Outside our bedroom, which used to belong to Rajni and her parents, I could hear the hustle and bustle of preparations. I could hear my uncle Vichu’s voice asking my grandma if there was anything to munch on. “You’ll eat after the baby eats,” she scolded. A stroke she suffered several years ago had thwarted the dexterity in her right hand and arm, but had not diminished anything else to date. She was still ruling our roost with absolute authority. I was getting hungry, too. I could smell the puja fire and camphor being ignited. I could hear the jingle of a priest’s brass bell and his booming voice as he cleared his throat and gave orders about the proper placement of vessels to a younger priest.

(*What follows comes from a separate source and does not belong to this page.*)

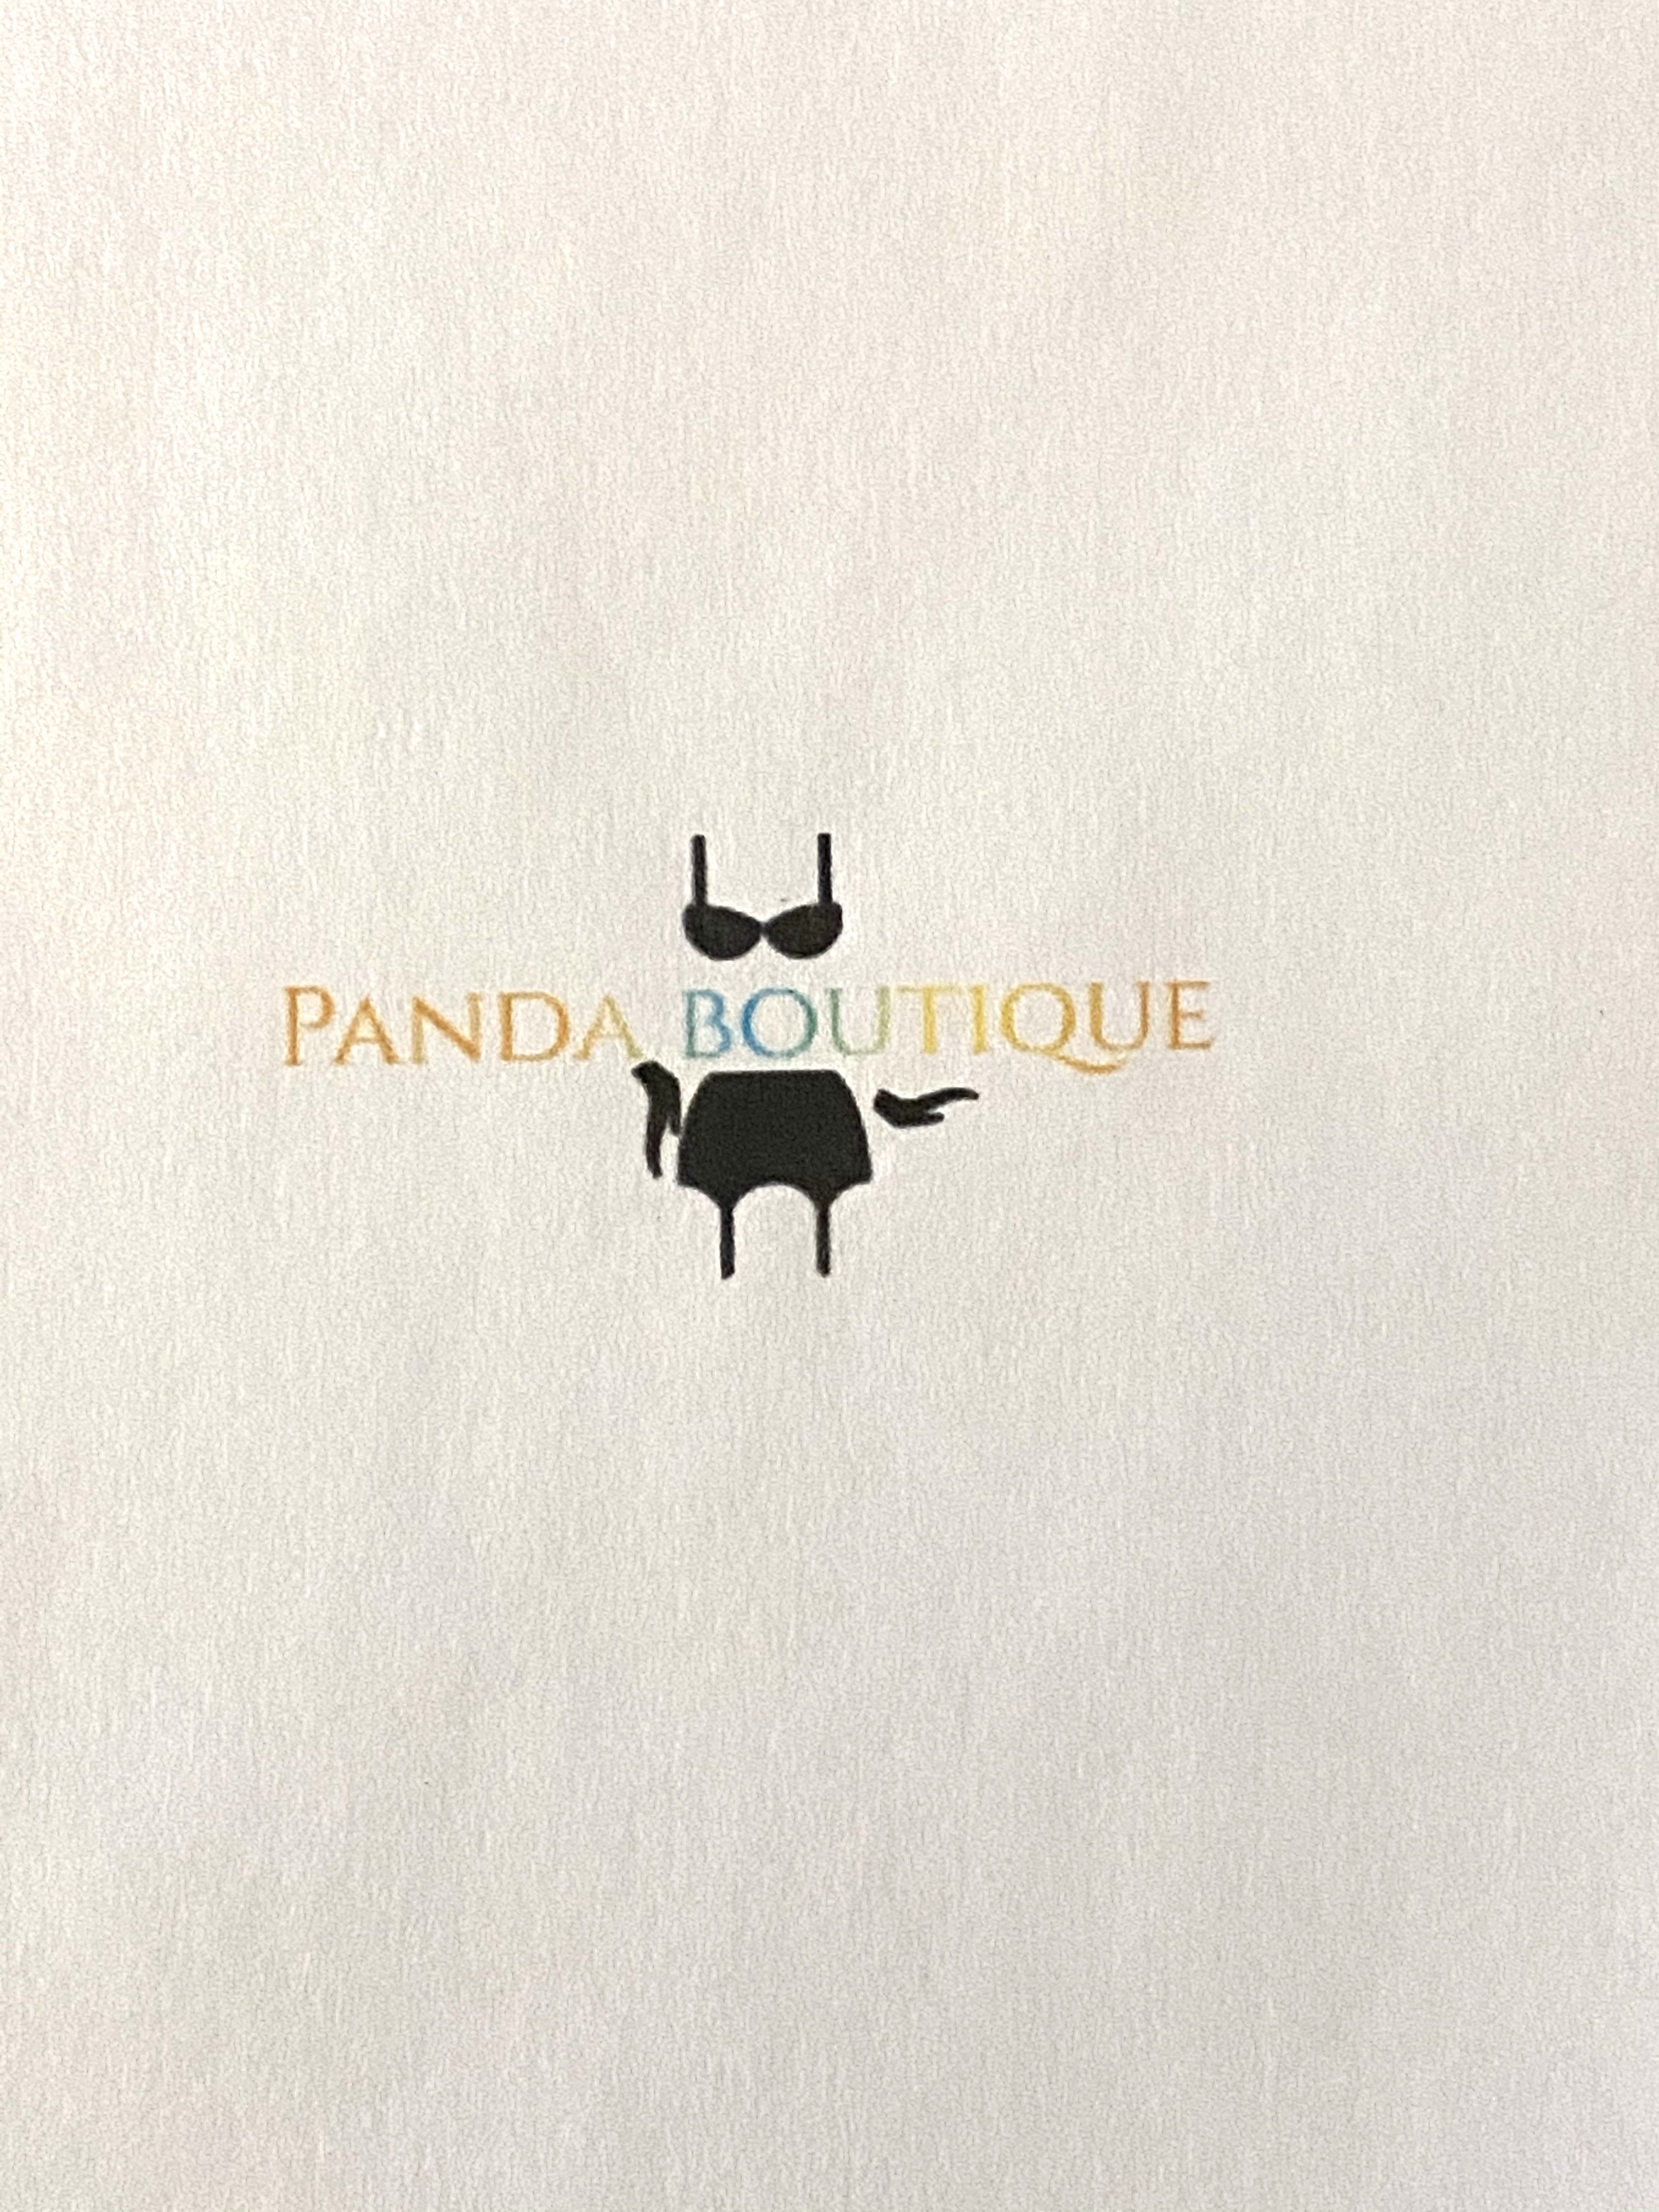 Panda Boutique
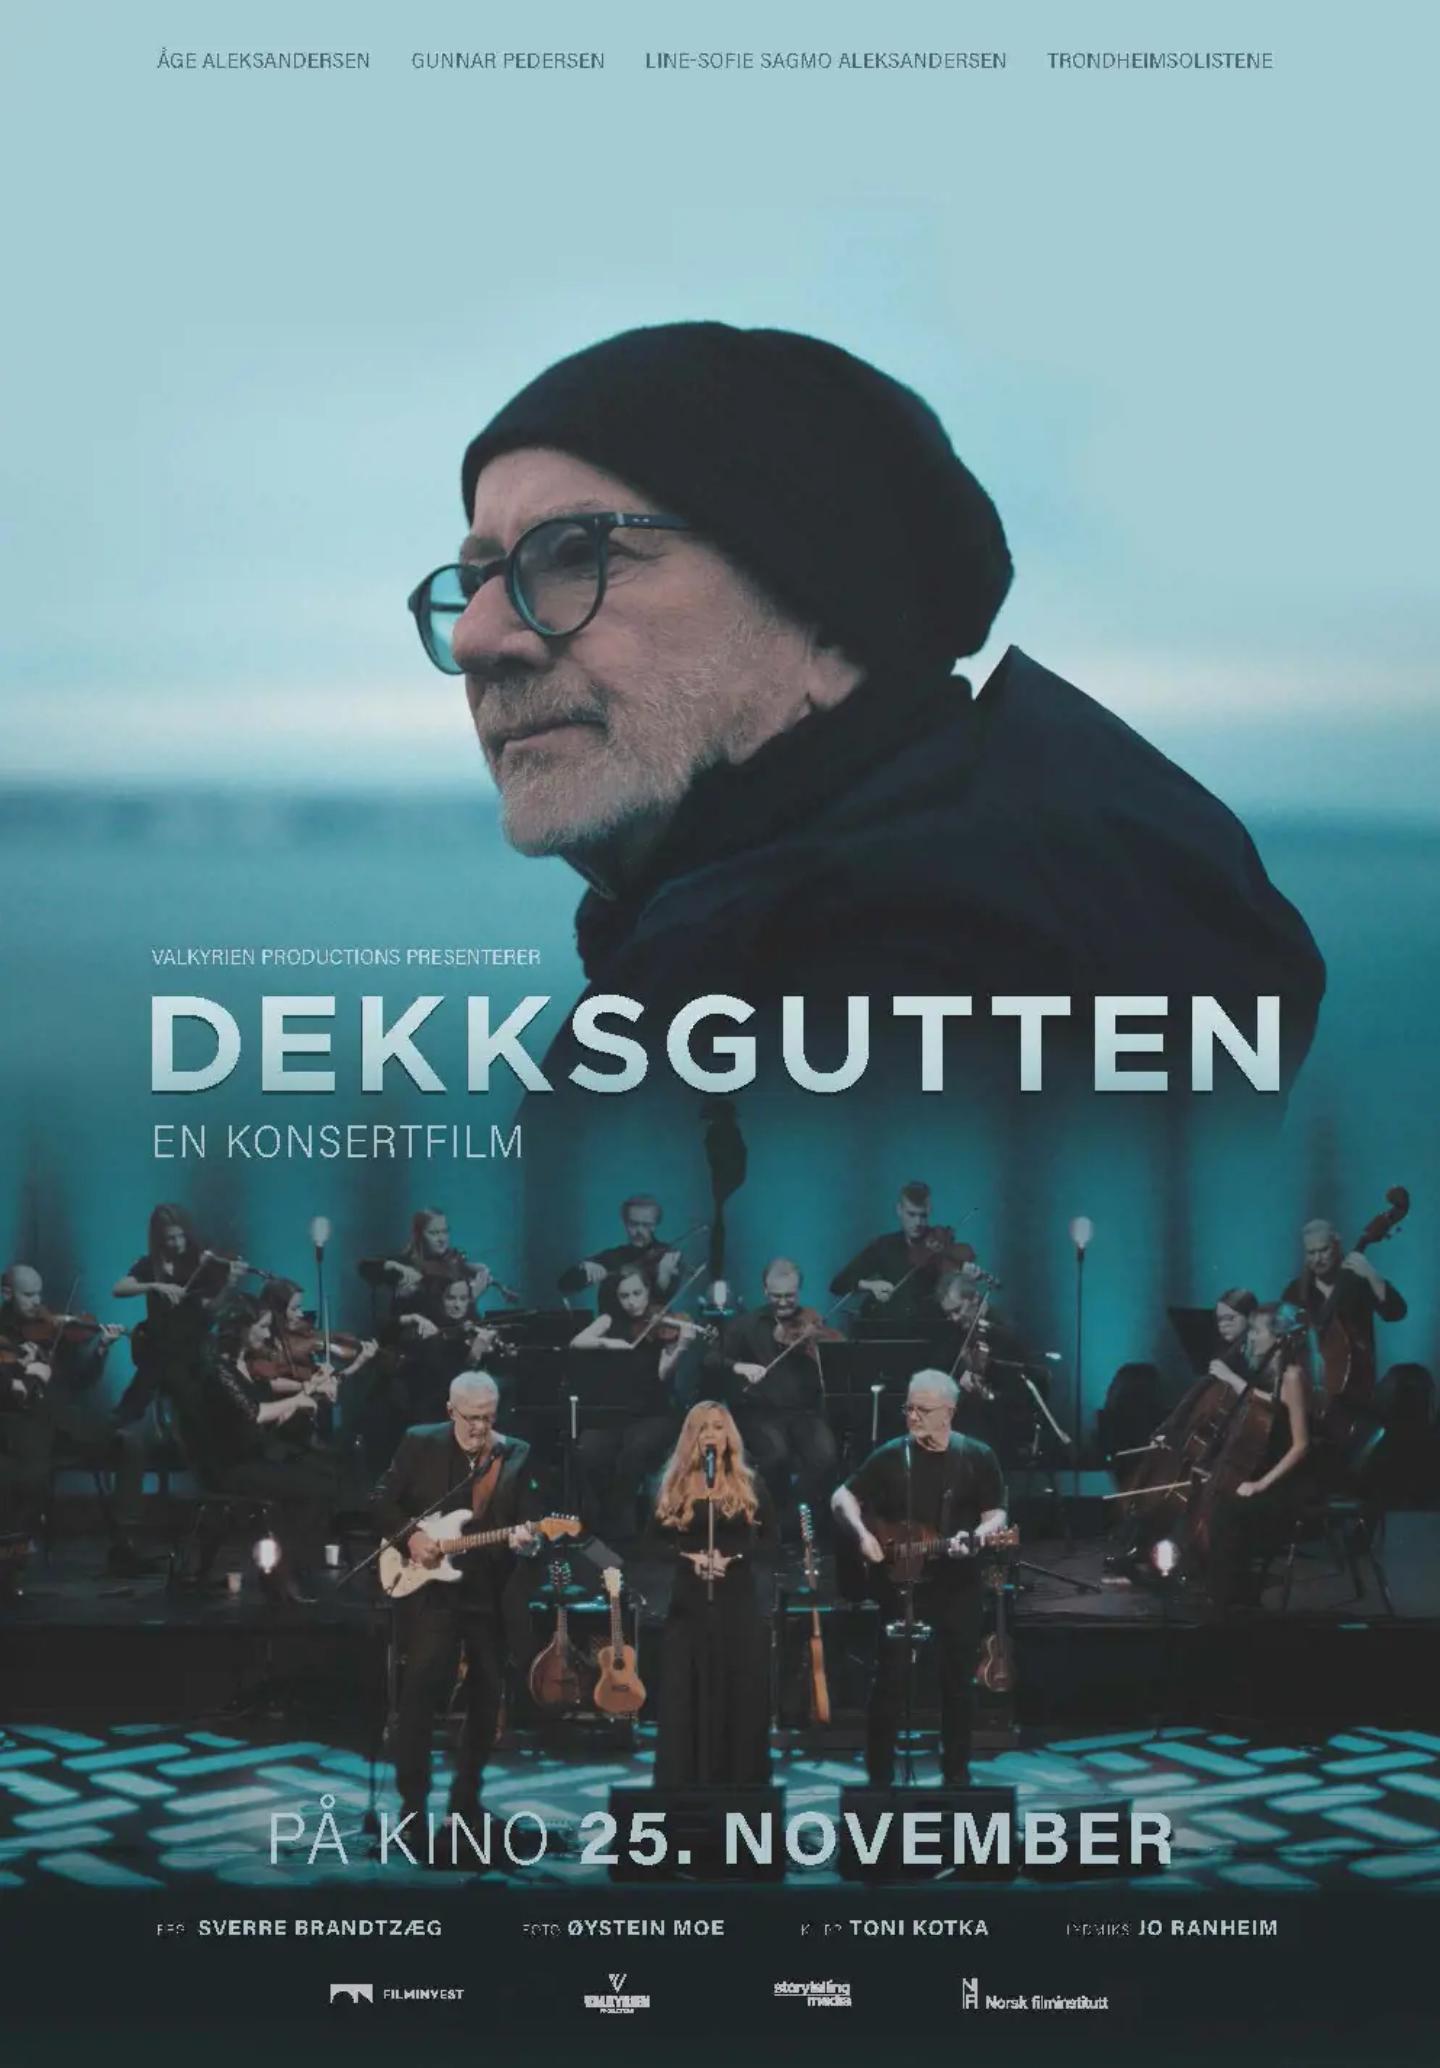 Plakat for 'Dekksgutten - En konsertfilm'

Soon I heard chanting and the familiar call of Rajima: “Padma, eh Padma! Inga va, velleela va!” “Come out here now,” she beckoned, not much different from when I was late for the St. Michael’s school bus. I smeared some kohl into my eyes and ran out with the baby. Outside in the living room sat the members of my family, of this old household, who were left in Chennai. In front of them were three priests in semicircle formation around the fire, on the embellished floor. I was instructed to sit at my uncle’s feet, with Neela on one side and Bhanu on the other. Krishna was placed on my lap and made to lie across. All of us were in our formal Benares silk saris and the heat and smoke from the puja fire were getting to me, making my eyes sting and water. With the chanting, the smell of incense, the fire and commotion, and being engulfed in the middle of a dazzling tangle of all our colorful saris, Krishna became fussy. She began to uncharacteristically wriggle and cry. While it worried me, it did not so much as ruffle Rajima. When I looked up at her, she immediately sensed what I was thinking. She raised her hand, bony fingers spread. “Don’t worry. She is supposed to cry. Her life will never be the same. You can’t give her everything.”